BOOK ELEVEN
THE BOOK OF GRAY BOAR

Chapter One

Now, in The One-Thousand-Twenty-Eighth Season From The Beginning, there was born in a village on the upper end of The Eastern River a boy who was called Little Gray Boar, and he was a joy to his family. Though always mischievous and playful he was a good child, and obeyed his parents readily.
2 One day his mother, Little Blue Blossom, had to leave the village on an errand, and there was no one to watch the boy. So his father announced, "I'll take him down to the dock with me. He'll be safe enough if I keep a rope on him so he can't run around."
3 Now, Gray Boar's job was loading barges. The barges were filled at the head of the river, then floated downstream on the current, and later hauled back up by a tug, to be filled again.
4 It only took one man to handle the big oar that kept the barge in the middle of the channel, and carried along by the current. It was a very economical way to ship cargo down to Eastern, and had been used from the earliest times.
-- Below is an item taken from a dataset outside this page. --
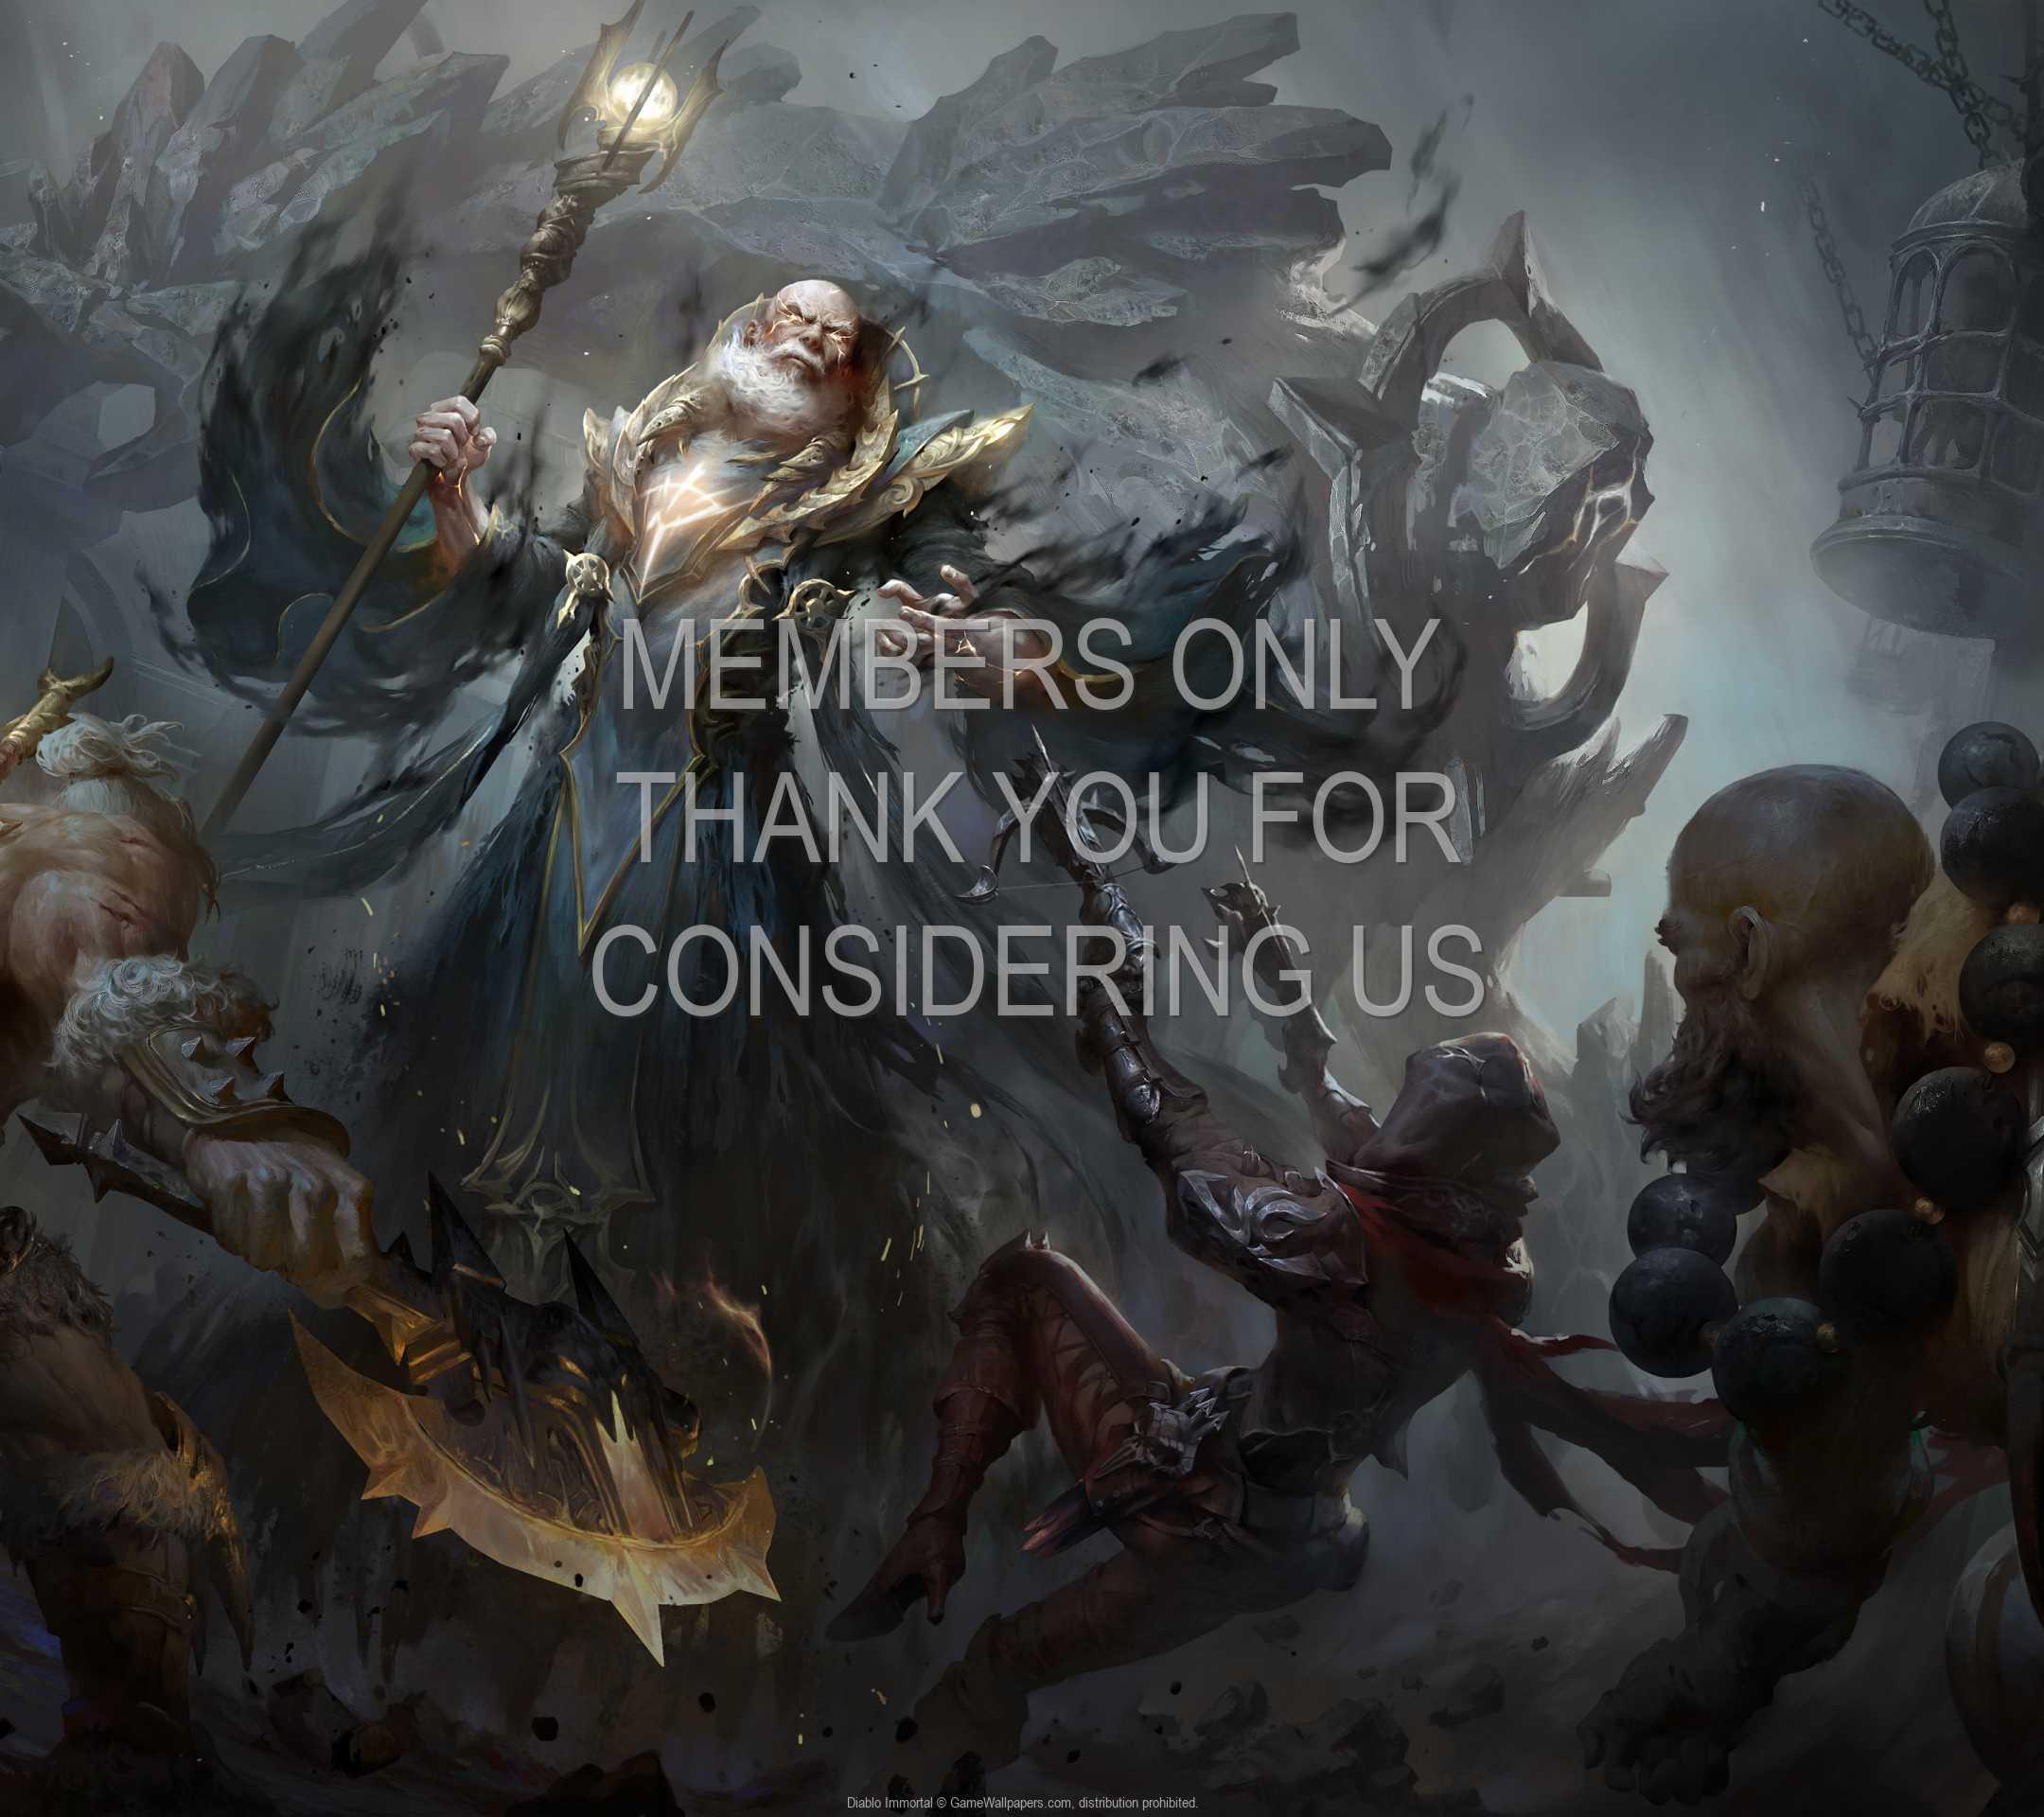 Diablo Immortal 1080p Horizontal Mobile wallpaper or background 02

5 As Gray Boar worked that day, his son sat happily on the back of the barge, playing with some wooden blocks one of the men had given him. "That son of yours is going to be an engineer!" commented one of the men. "Look how he stacks the blocks so precisely and makes such beautiful little designs!"
6 "He is a wise child," agreed Gray Boar, "I HOPE he grows to be a man of great wisdom!"
7 They were all on the docks getting their next load, when suddenly the stern line holding the barge snapped, and it started to swing slowly, out into the current, without anyone noticing. Suddenly one of the men cried, "My Lord! The barge!" But it was too late.